Whatever ideas we each have of the Middle East and North Africa, New York Live Arts is about to explode those notions. Starting this week, the Live Ideas Festival expands our knowledge with a truly global look at the arts in the Middle East and North Africa.
Dancers, filmmakers, musicians, literary and visual artists from Yemen, Egypt, Syria, Israel, Palestine, Morocco, and Tunisia descend on NY Live Arts on 19th Street from February 8 to April 3. The full title of the festival is “MENA/Future – Cultural Transformations in the Middle East and North Africa Region.” The full spectrum includes 45 performances, installations, gallery exhibits, master classes, and panel discussions.

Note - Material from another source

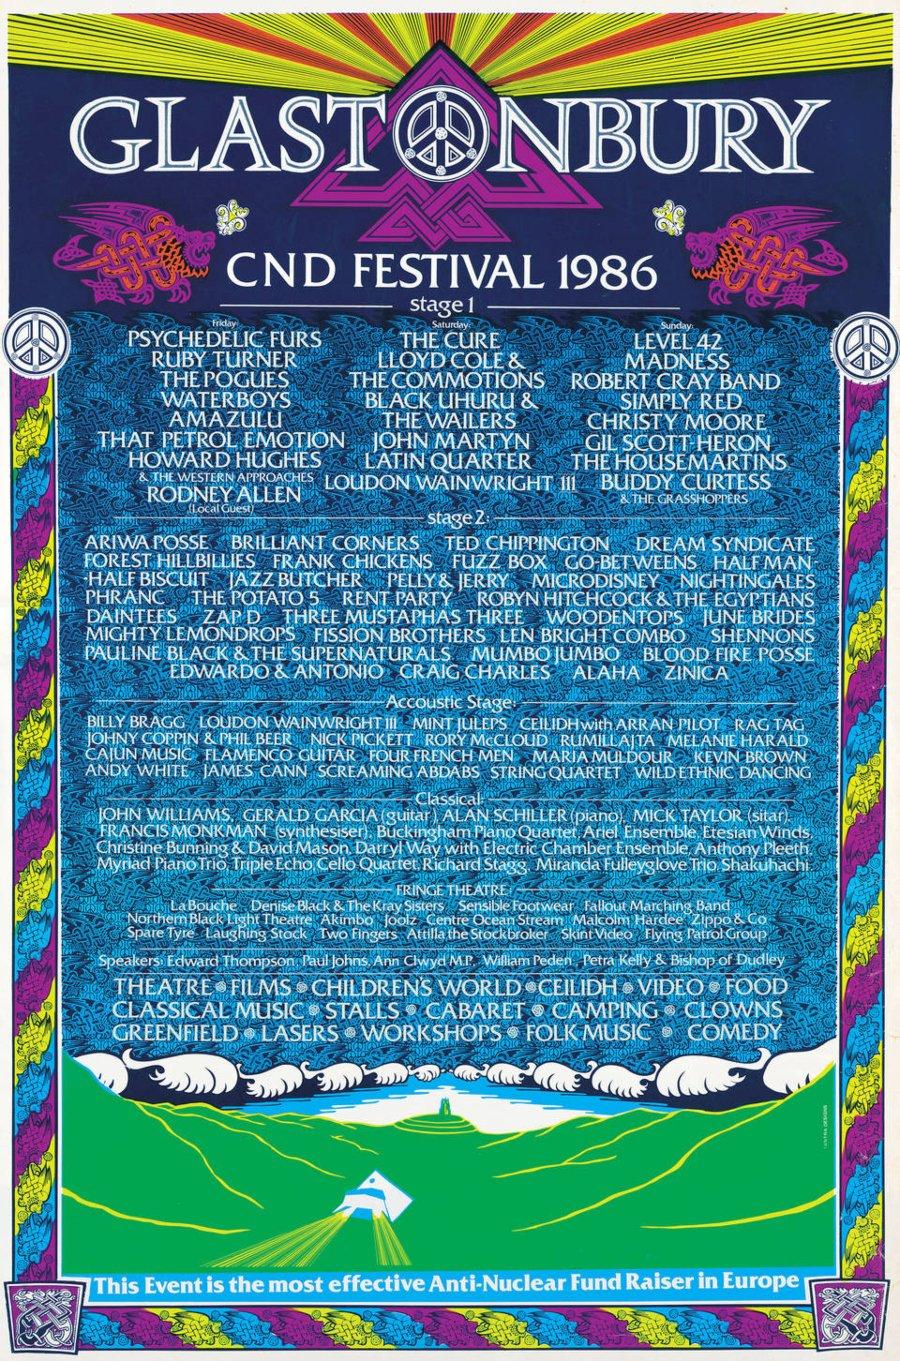 Cartel de la edición de 1986 de Glastonbury
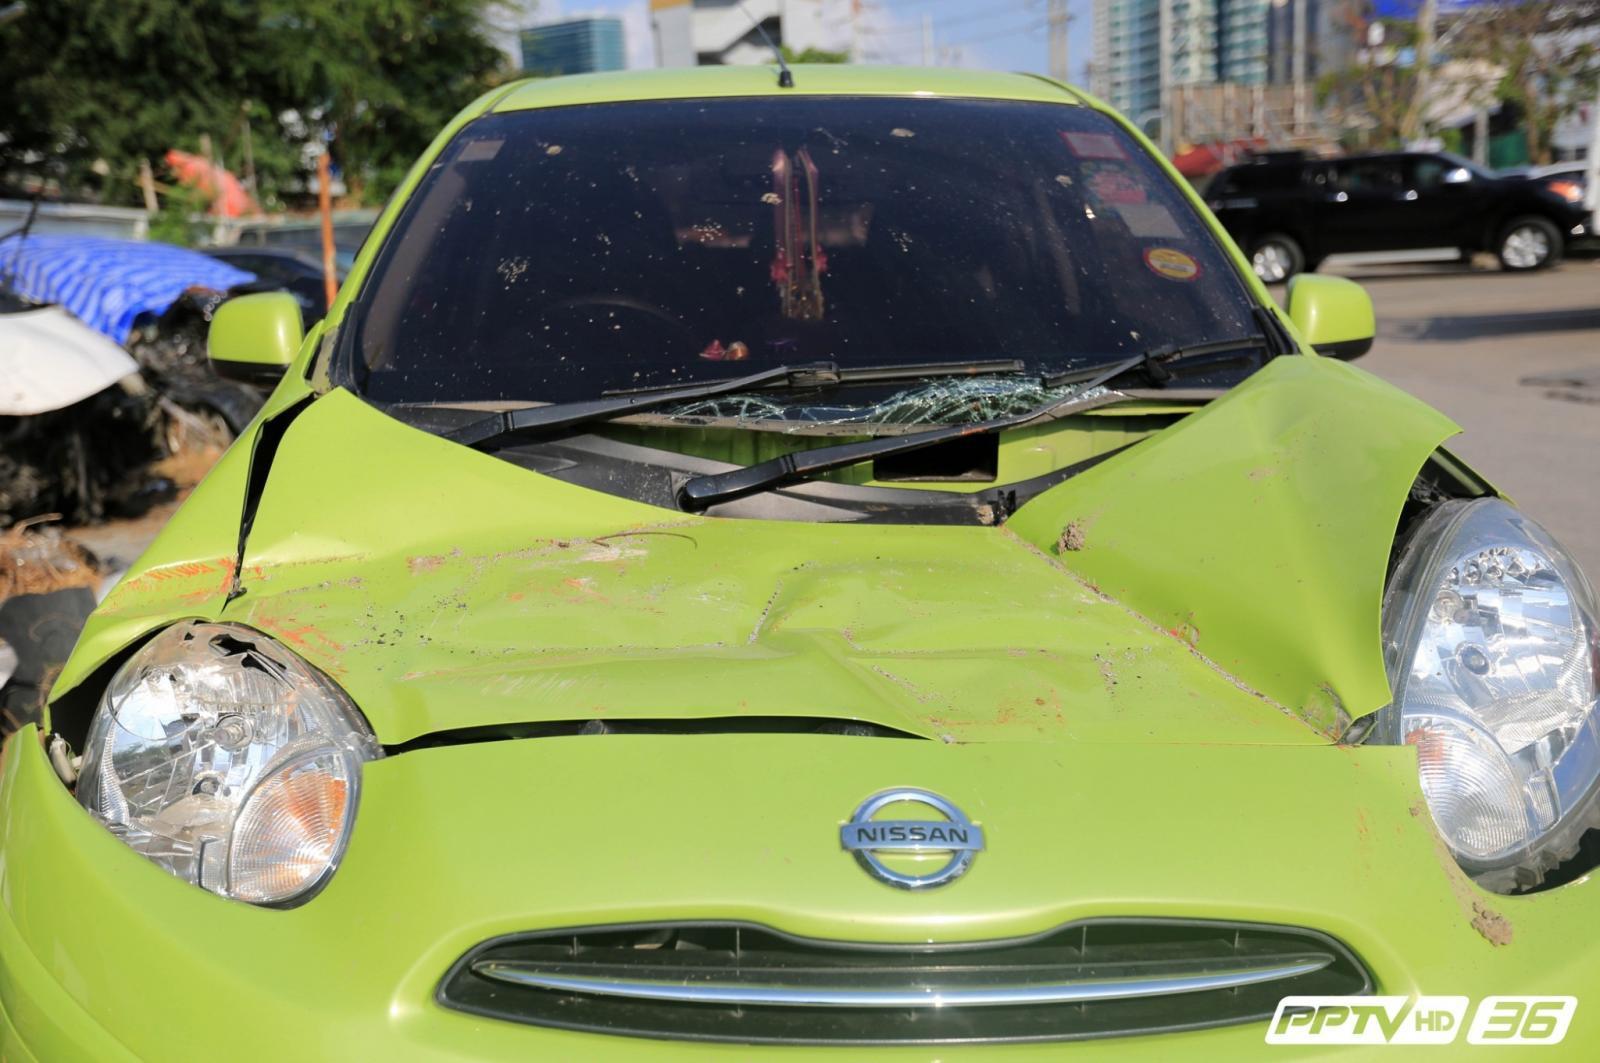 รฟม. สั่งอิตาเลียนไทยฯซื้อรถใหม่ ให้หากเสียหายหนัก

The first dance entry is Archive by Arkadi Zaides, a Russian-born dance artist based in Tel Aviv. His work Quiet bowled me over when I saw it in Israel a few years ago. He engaged two Israeli and two Arab men in a raw, suspenseful, disturbing quartet that grappled with the hostility between them. I later interviewed Zaides when I wrote this post asking the question, Can dance address the Israel/Palestine Divide? Not someone to evade reality, he said, “Violence is perpetuating. Power is blinding. I cannot disconnect from more global questions.”
In Archive, Zaides dances in front of archived footage filmed by volunteers from the Israeli Center for Human Rights in the Occupied Territories. In doing so, Zaides asks: “What is the potential for violence embedded in each individual body?” (Along with that, I would say Hey, My Fellow Americans, we should get a glimpse of the kind of violence our government is supporting in Occupied Palestine.)
Another must-see work that is 2065 BC by Adham Hafez, who co-curated the festival with NY Live Arts programming director Tommy Kriegsmann. Based in Cairo, Hafez is an interdisciplinary live wire who crosses borders as well as genres. According to the press release, “The production aims to present the audience with a complex set of questions, where the ethics of occupation are dealt with in a manner that is dark, comic and politically ignited.”
None of this will be easy. We may not leave the theater with smiles or deep sighs of satisfaction. But it’s an opportunity to educate ourselves about a part of the world that is way more complex than we might think. Proceed at your own risk. I believe this Live Arts Festival is necessary viewing for us as citizens of the world.